– Подожди, – спрятав наконец язык, хитро улыбнувшись, словно у меня вымазанная морда, погладила волосы, плечи. – Я так соскучилась, очень-очень… Вставай, садись вон туда.
Вон туда: посреди гостиной стояло кресло.
– Можно, я зайду в ванную?
– Слушай меня! Садись. И все снимай с себя.
Она неожиданными дикими пожарными скачками, грохая каблуками, пометалась, готовя премьеру: долой свет – оставив особую лампу в розовом коконе, ткнула в музыку, утихомирив до нужного звука какое-то унитазное журчанье и запорные охи, озиралась – ничего не забыла? Скоро не уйду… я сваливал под ноги одежду.

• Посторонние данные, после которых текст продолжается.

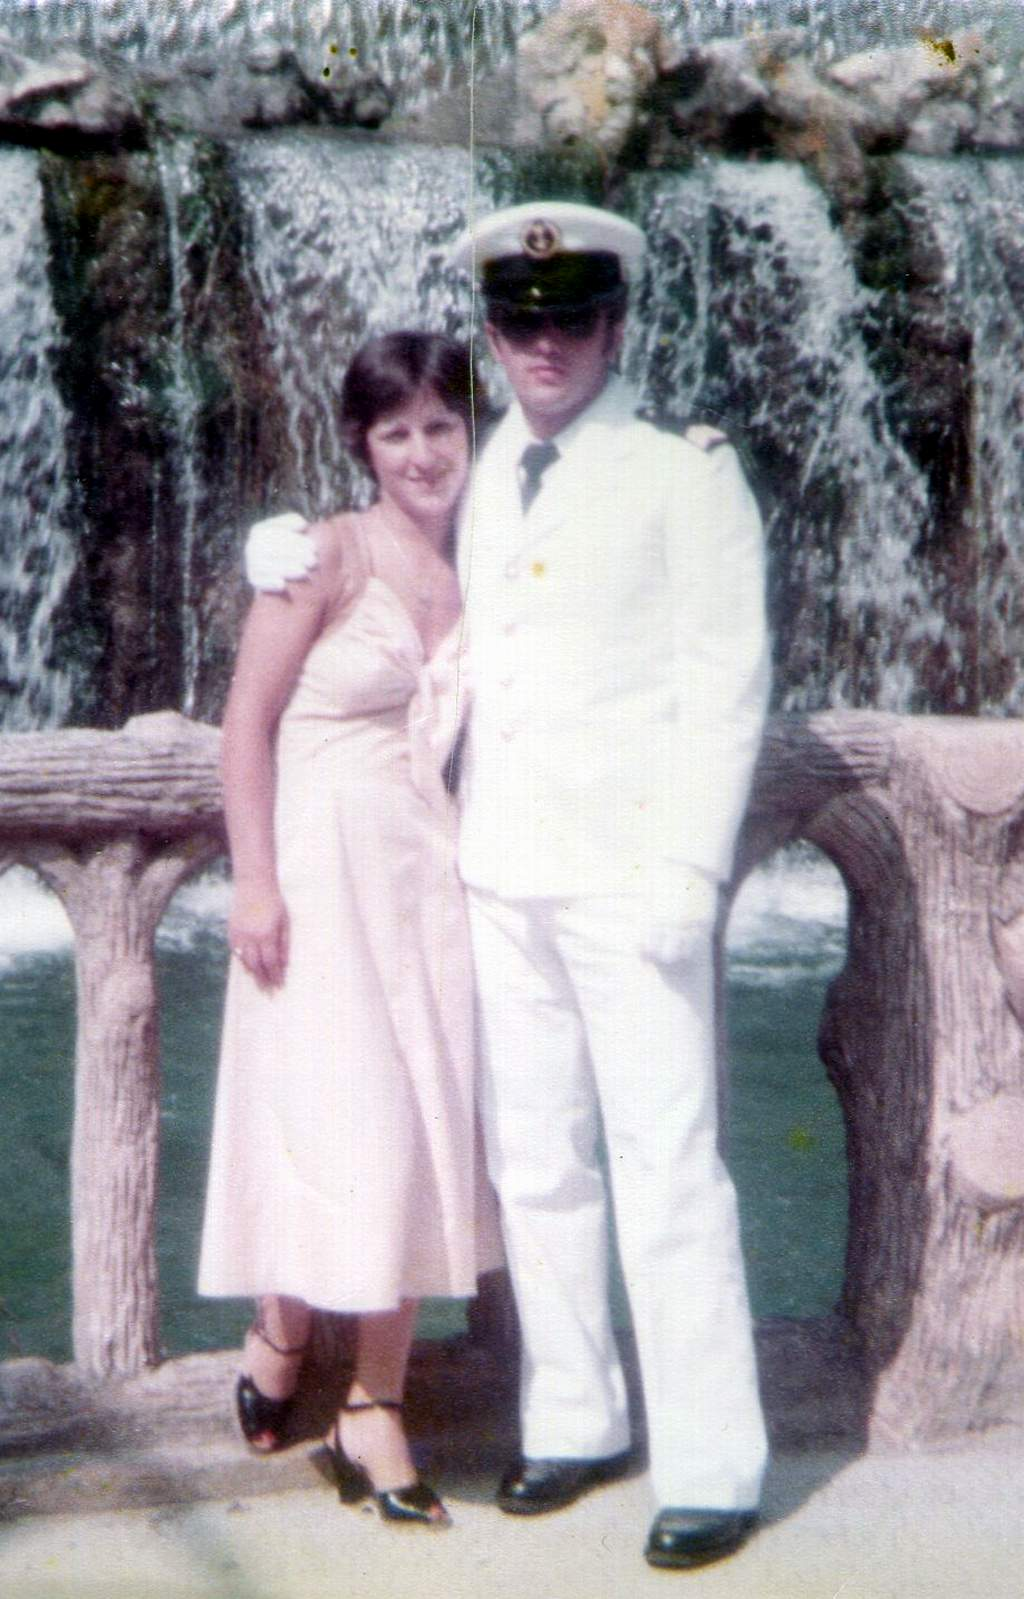 [Les traditions dans la Marine] Mariage en tenue - Page 5 742420img896
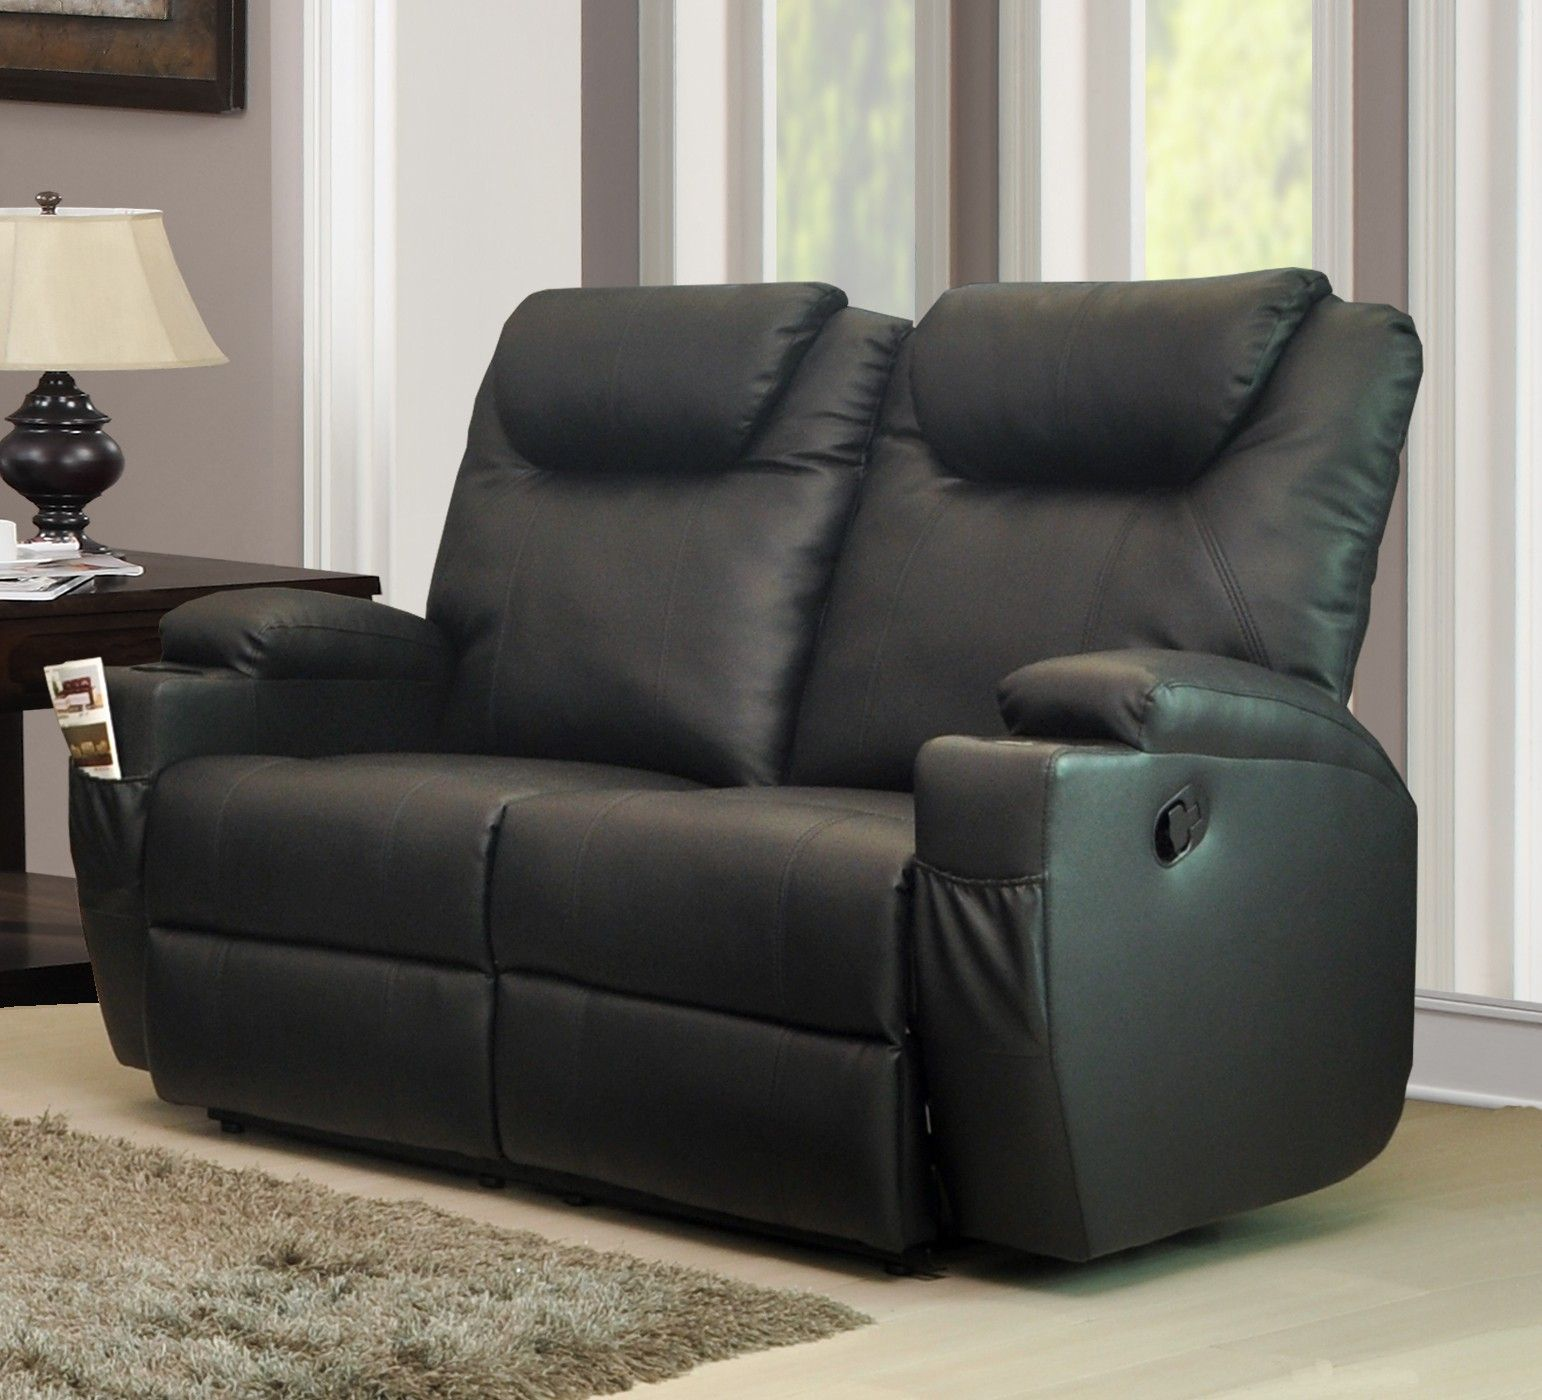 lazyboy leather sofas vitra sofa polder furniture living room black full grain reclining

– Сидишь? Закрой глаза. Открывай. Молчи, это важно. – Уселась напротив, в трех шагах, на розовую мохнатую попону; сняла бы каблуки, спят же соседи. – Ты должен оставаться на месте, – она предполагала, что это от меня потребует нечеловеческих усилий; посидела молчком, председатель совета молодых педагогов города Москвы, и, глядя только на меня, не сводя глаз, вслепую дрожаще расстегнула молнию на розовой косметической сумке, оказавшейся под ногами – откуда сумка? – и с большим баллончиком с белой крышкой вдруг поползла ко мне, в своих глазах становясь кошкой (отсосала бы, и поехал, вытерпел бы чай и новшества музыкальной педагогики), – повозила рукой по моим коленям, нащупала с радостным стоном, откупорила баллон – крышка покатилась по паркету в сторону телевизора – запомнил, искать замучаешься, – нажала распылитель, потрясла, еще раз нажала, и из баллончика запузырила какая-то белая пена; она сунула баллон мне между ног и пшиканьем покрыла этой прохладной, невесомой херней, словно гася опасное пламя – брить? хоть бы подстелила, испачкаем кресло, – отшвырнула баллон, ткнулась мордой в пену и начала жрать, лакать, щекотно и сладко-зажмуренно вылизывать до мокрой чистоты какое-то кондитерское изделие, удовлетворенно хрюкая. Я потрогал ее за плечи – давай, но она не спешила. Когда ей на работу? купил ли машину «друг»? – она напоминающе погрозила: молчи! и с настоящим гневом показала: место! Целое, тварь, представление! Багровея, пряча глаза, вытащила из походного набора пластмассовый длинный член, к желтому пульту тянулась проволока в белой изоляции; она зачарованно уставилась вниз и тихонько, осторожно, словно вдевая в иголку нить, погрузила в себя изделие одним плавным усилием – сразу на всю глубину – и прижала ладошкой, чтобы глубже еще, и откинулась, запыхтев, заткнутая, словно пробкой, запечатанная; вздыхала, ворочалась, приподнимала бухую голову на меня: как? – пыталась подвигать, но неудобно самой, и, не поднимаясь, не шевелясь, как парализованная, протянула мне пульт: ты! Я пересел, нащупал колесико на коробке, пахнущей каким-то машинным маслом, и двинул в сторону «больше» – машинка не заводилась – нет батареек; я отколупнул нутро: да – и показал: нужны две пальчиковые.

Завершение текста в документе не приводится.